1924 film directed by Maurice Elvey

Curlytop is a lost 1924 American silent romantic drama film directed by Maurice Elvey and starring Shirley Mason, Wallace MacDonald, and Warner Oland. It is based on one of the short stories collected in More Limehouse Nights by Thomas Burke.

==Plot==
As described in a review in a film magazine, big Bill Branigan (MacDonald) leaves his sweetheart Bessie (Miller) for Curlytop (Mason), whose unconscious beauty naiveté enthrall him. Shanghai Dan (Oland), who dominates a gang of Chinese crooks in the Chinatown centered on Limehouse in the East End of London, also desires her.
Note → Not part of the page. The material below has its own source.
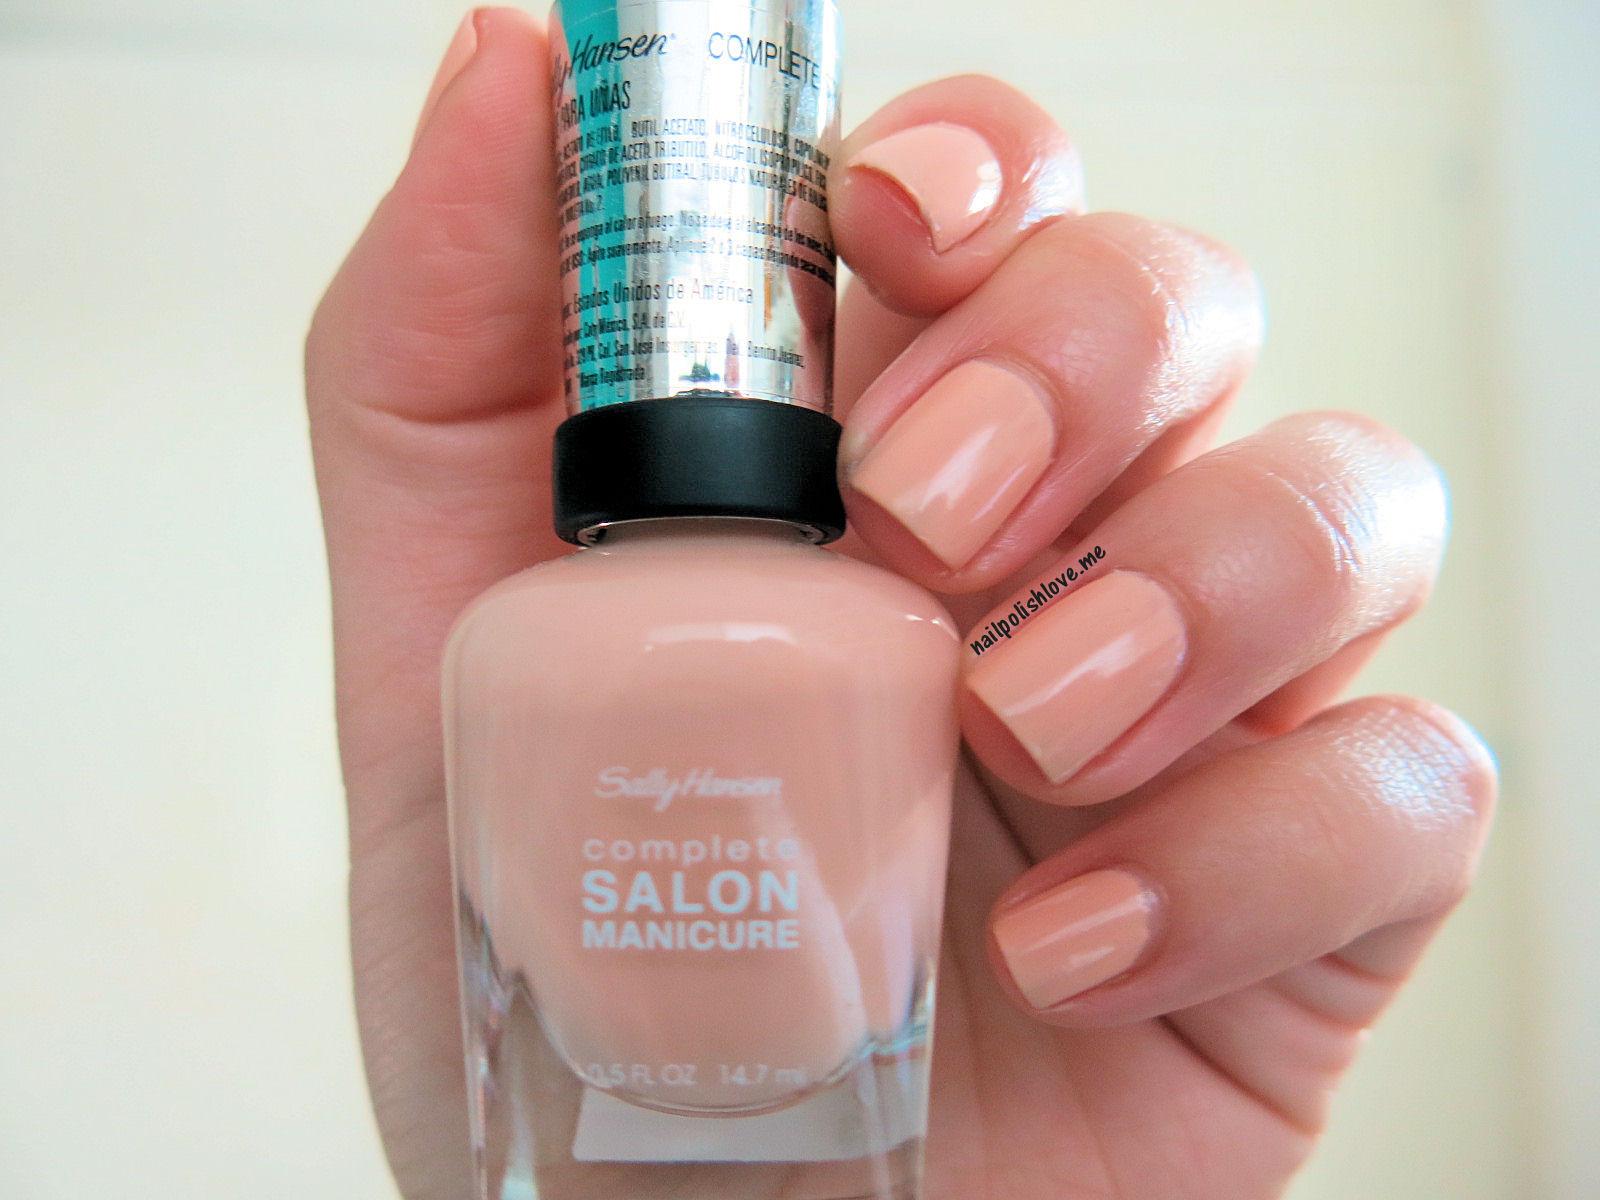 Colores: Royal Blush de Sally Hansen | Adrix Nails: Uñas, barnices ...

Determined to reform, Bill sets out in search of a job, so Bessie revenges herself by getting Curlytop drunk and cutting off her golden curls. Bill returns but cannot find Curlytop, and is persuaded to rekindle his relationship with Bessie. After he finds the golden curls among her belongings, Bill forces Bessie to reveal the whereabouts of Curlytop. Curlytop has been working for Shanghai Dan as a waitress on a floating barge. As Dan is hypnotizing her, another vessel crashes into the barge. Dan is drowned while Curlytop is rescued by Bill.

==Preservation==
With no prints of Curlytop located in any film archives, it is a lost film.

==Bibliography==
- Solomon, Aubrey. The Fox Film Corporation, 1915-1935: A History and Filmography. McFarland, 2011.